ノイズ

 3年ヘッドフォンを使った。そろそろ買い替えたいなと思ってネット上で探していたところ、狙っていた製品が「在庫あり」となっていたので、注文してしまった(ちょっと前に覗いたときは品切れになっていたのだ)。何故かセール中で七千円引きとなっていた。私はものを選ぶときに躊躇があまりない。自分でも怖くなるほどに。22時のことだった。

 それから数日後、まだ時刻は9時になっていなかったと思う。チャイム。宅急便。発送メールが届いてなかったから油断していたが、どうやら注文したヘッドフォンが届いたらしい。予想外の出来事に心が躍る。小さな段ボールを受け取り、カッターで素早く開封した。仰々しい買い物をしないので、ちゃんとしたパッケージに出会うとこれもまた心が躍る。とても合理的で洗練された梱包。

 話は変わるけれど、私はノイズキャンセリングというものについて抵抗感を抱いてきた。仕組みに対して何か思うというよりは、私が好むスタイルには合わないなと思っていた。私は歩きながら音楽を聴くのが好きで、私の好きな音と生活の雑多な音が混ざり合って生まれる感情みたいなものに惹かれていた。自転車のブレーキ音。車の走行音。子どもの笑い声。サッカーボールを蹴る音。ホースの先についたシャワーヘッドで散水する音。実際、好きな音と生活の音のミックスから連想することもたくさんあるし、それはどれも私にとってかけがえのないものだった。早い話が、私はそういうものに価値を認める人間だった。

 てっきりノイズキャンセリング機能はないと思っていたが、どうやら私の買った製品にはノイズキャンセリング機能が備わっているようで、そのことは私をそこそこがっかりさせた(ノイズキャンセリング機能をつけるくらいなら値段を落としてほしいと思っているぐらいだ)。ただそれ以外は特に文句をつけるところがない、良いヘッドフォンでもあった。

 ノイズキャンセリングはそれとして、新しい買い物は私を高揚させる。うきうきで午前中はヘッドフォンを充電させたのち、お昼前に早速買ったばかりのヘッドフォンをつけて散歩に出かけた。

 自転車が走り去る音が聞こえなかった。これがノイズキャンセリングであった。本当に聞こえなくて、好きな曲と私しか世界には存在しないみたいだった。

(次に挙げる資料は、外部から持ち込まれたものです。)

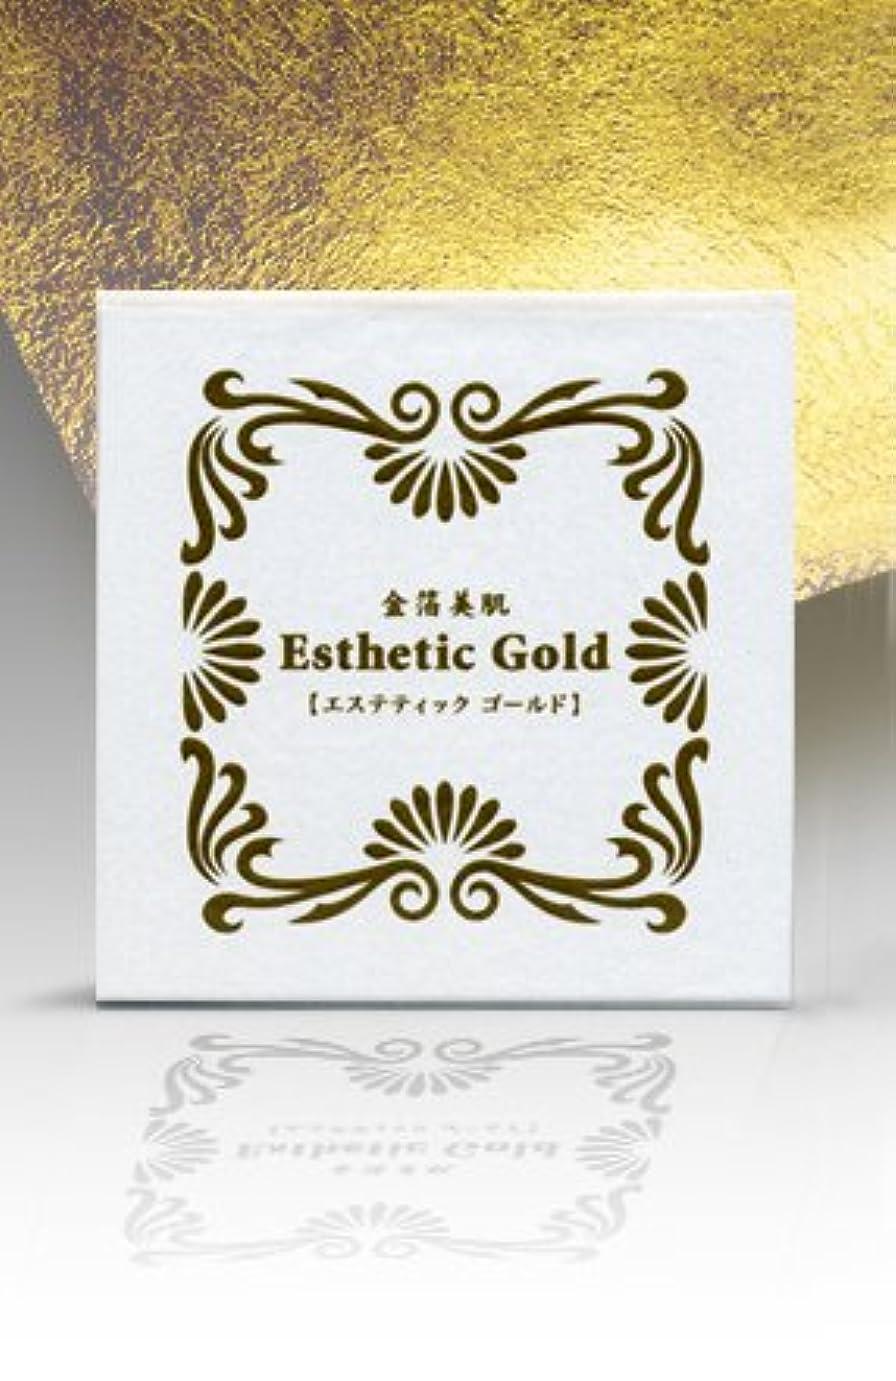 強化するキャッシュ永久に【金箔 美肌】エステティック ゴールド 24K-100枚【日本製】

 私が買ったヘッドフォンには外部の音を取り込む機能もあり、それも試してみた。多分ヘッドフォンで良い感じに調整しているからだろうけれど、不自然に聞こえるところがあった。たとえるなら、目の前の風景をビデオで撮影してそれを見ているときの音。とはいえ、別に悪くない。音質の良し悪しも正直私はわからないのだし。

 ヘッドフォンを外すと、外界の音が一気に耳に流れ込んできた。このヘッドフォンはただつけているだけでもそれなりに外の音をシャットアウトできてしまうらしい。密閉性が高いのだろう。ああ、世界にはこんなに音が溢れているのだな。そういう感想を、私はヘッドフォンを外すたびにいちいち抱くのだろうか。あるいはしばらくすれば慣れてしまうのだろうか。それは寂しいなと思って、この感覚を書き留めておこうと思う。